● **EXERCISE BRIEF**
Skip the images and print the listing exactly.

● **DATA**
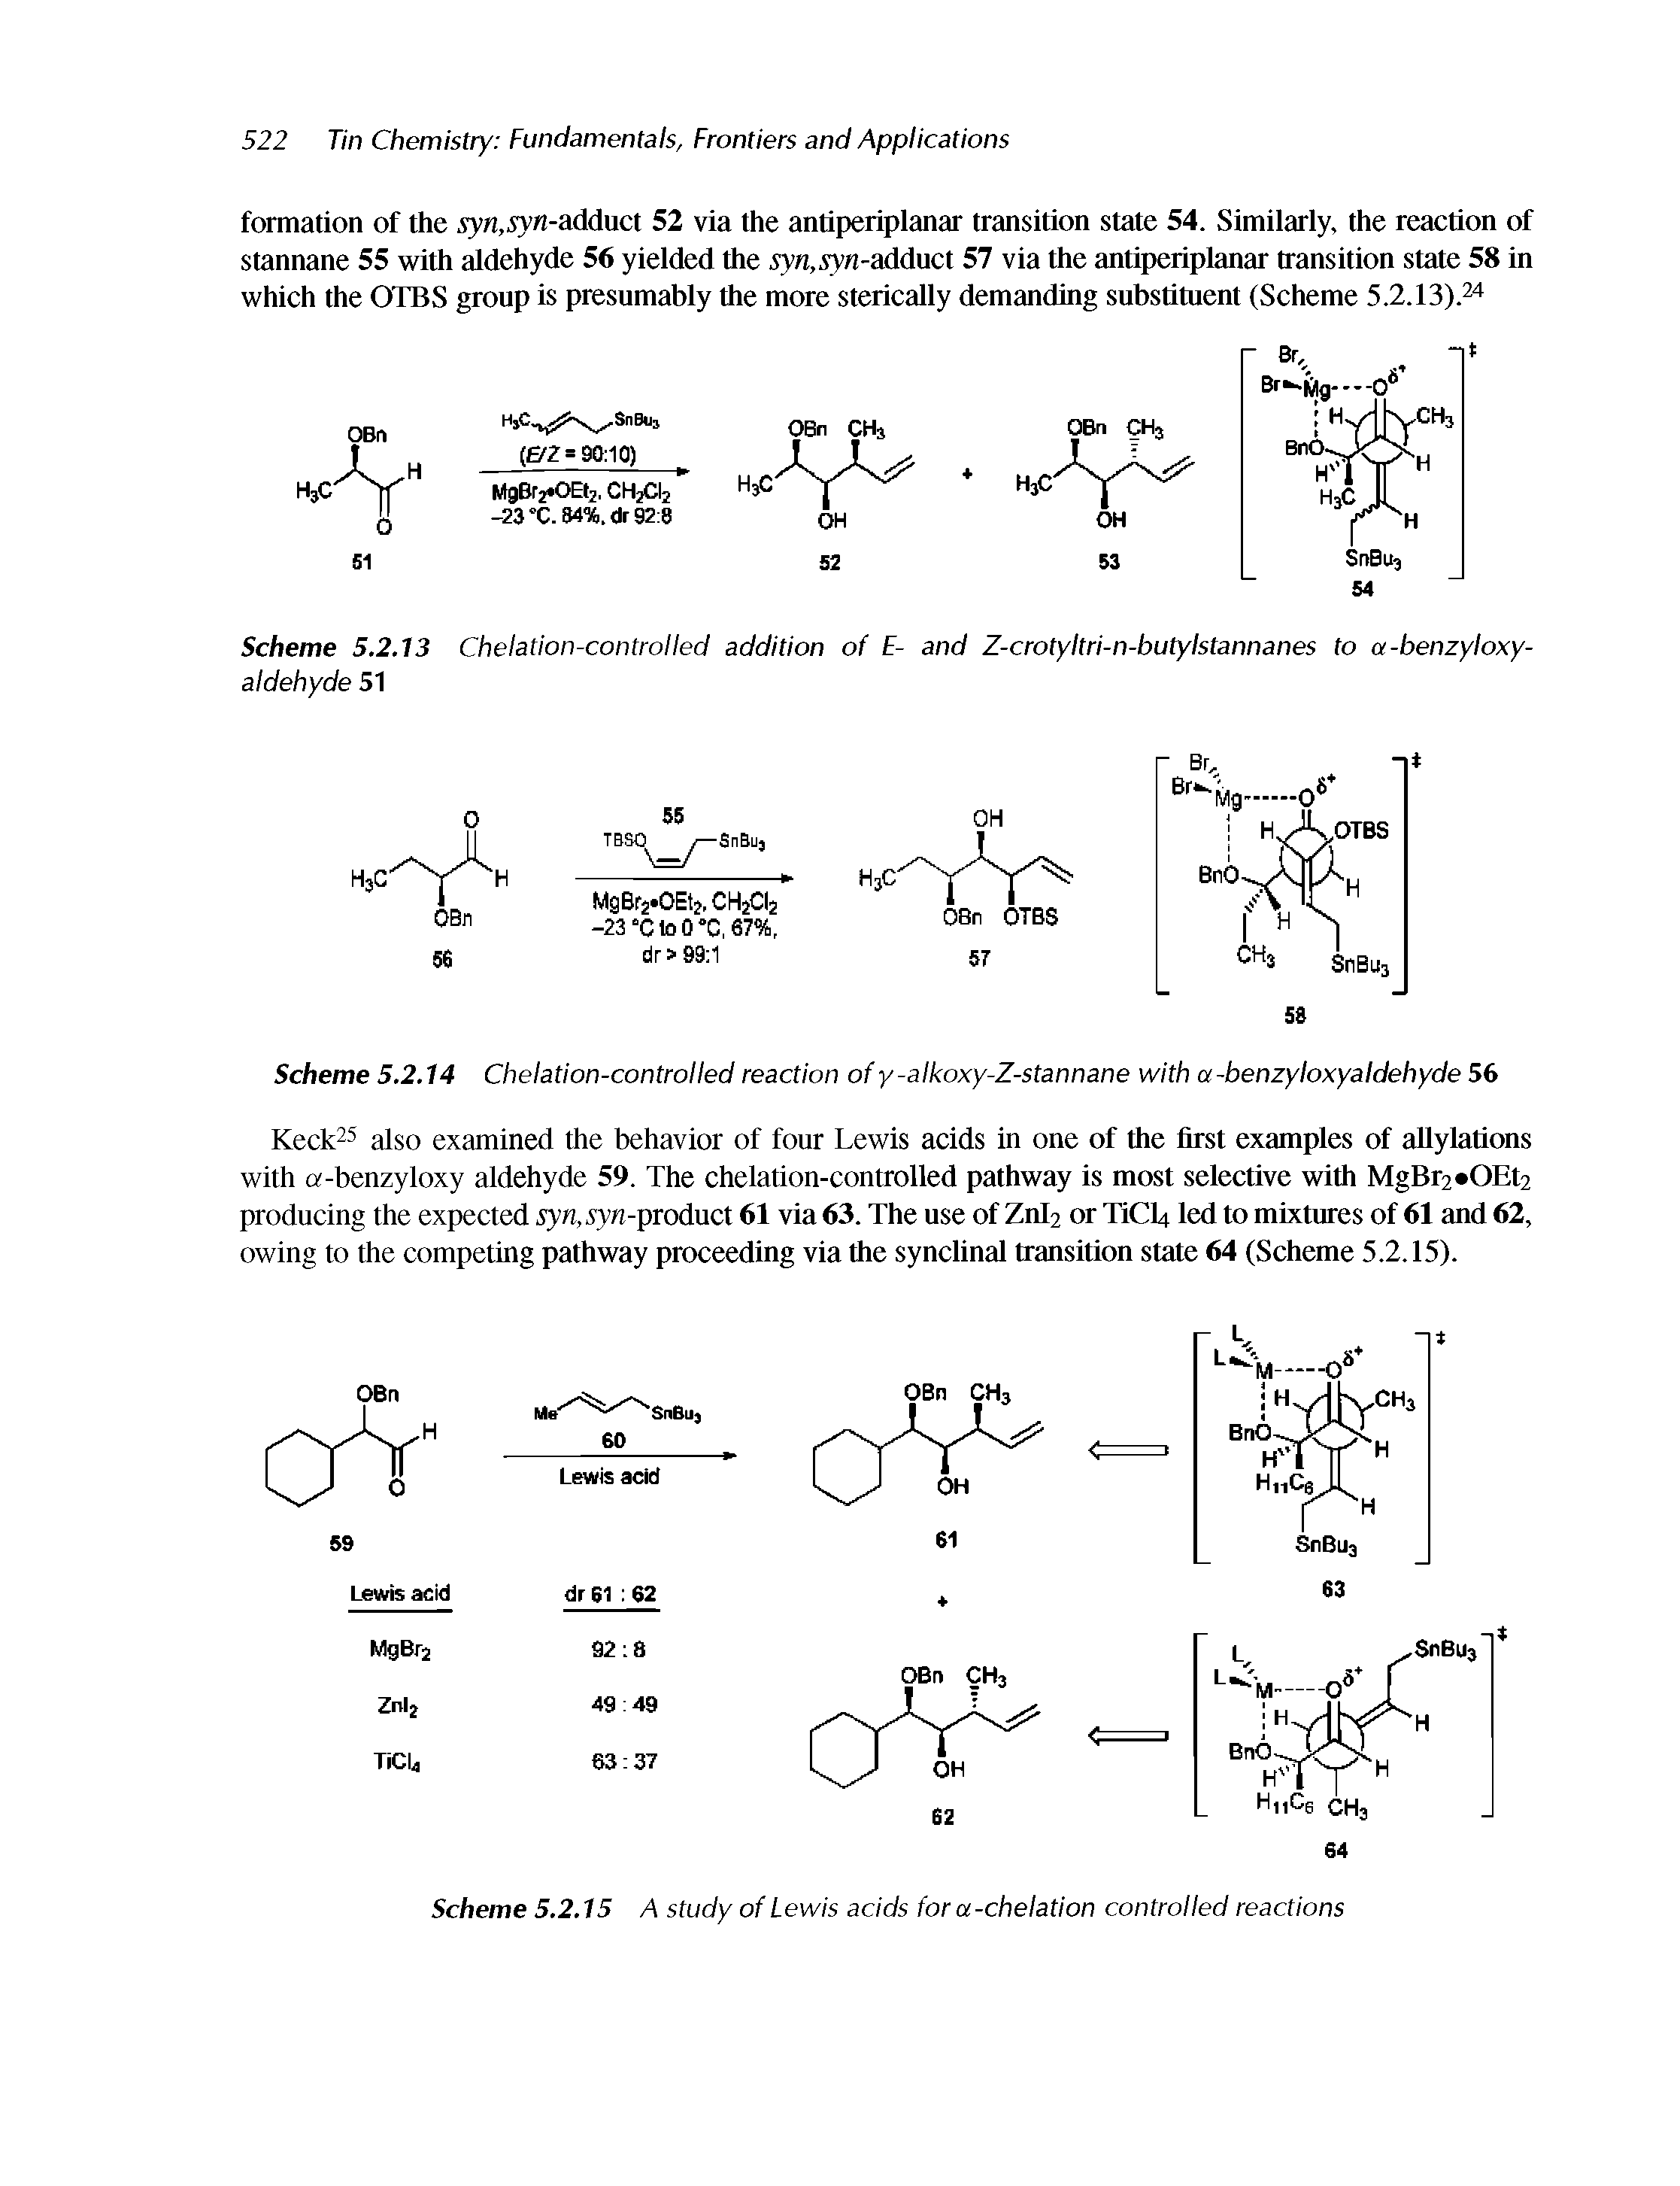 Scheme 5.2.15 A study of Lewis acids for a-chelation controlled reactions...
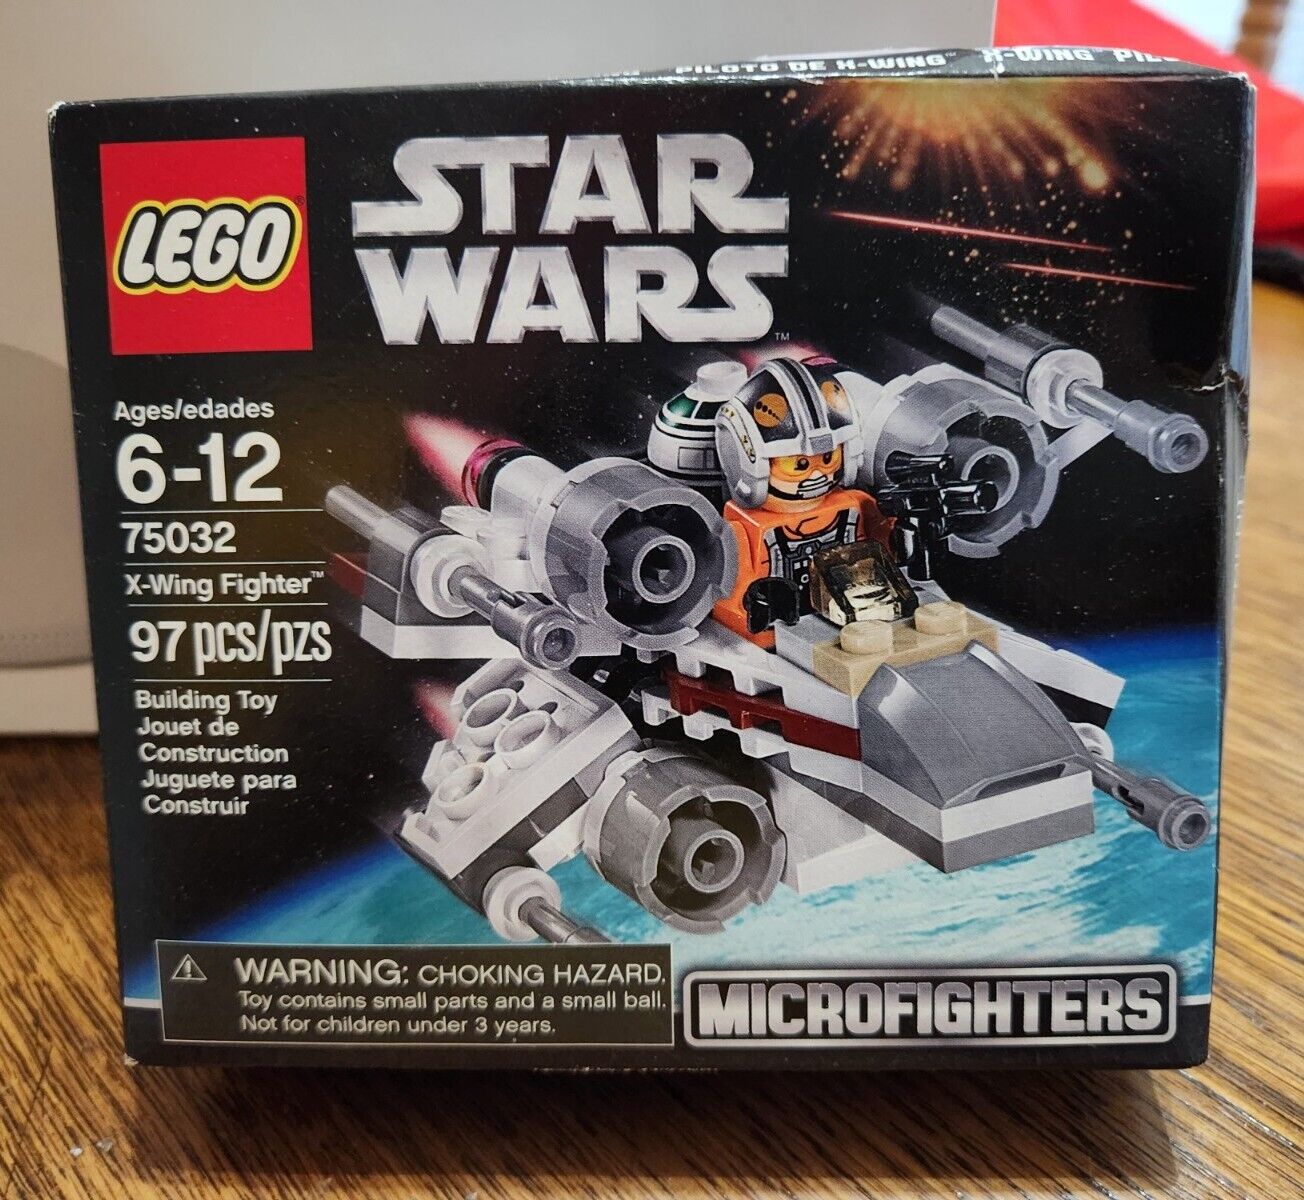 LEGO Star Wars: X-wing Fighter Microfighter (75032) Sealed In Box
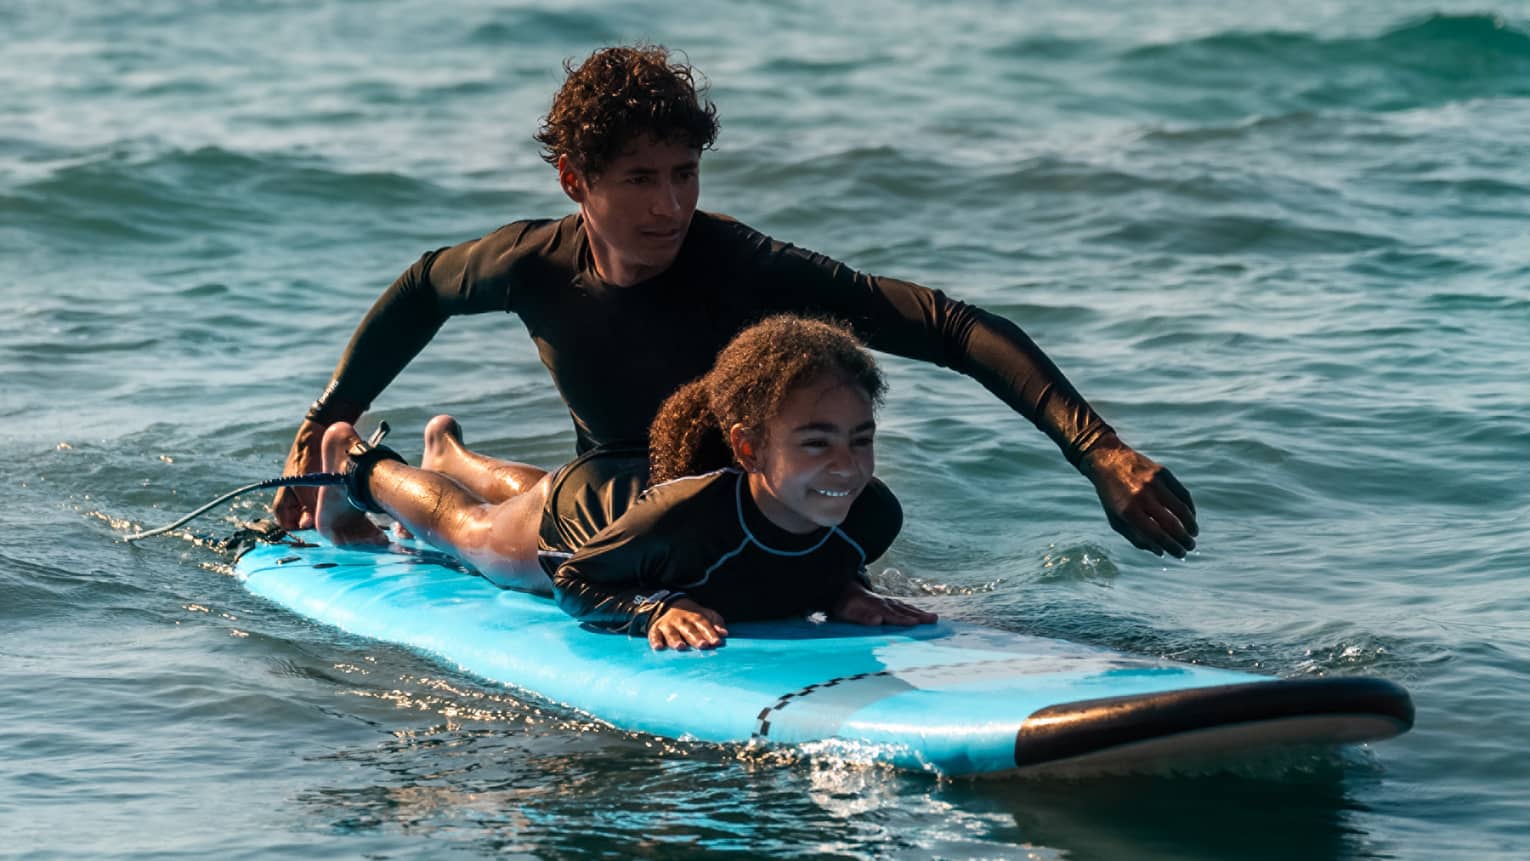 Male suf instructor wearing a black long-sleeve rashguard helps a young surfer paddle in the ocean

● **EXERCISE RESULT**
 Scheme 5.2.15 A study of Lewis acids for a-chelation controlled reactions...
 LEGO Star Wars: X-wing Fighter Microfighter (75032) Sealed In Box
 Male suf instructor wearing a black long-sleeve rashguard helps a young surfer paddle in the ocean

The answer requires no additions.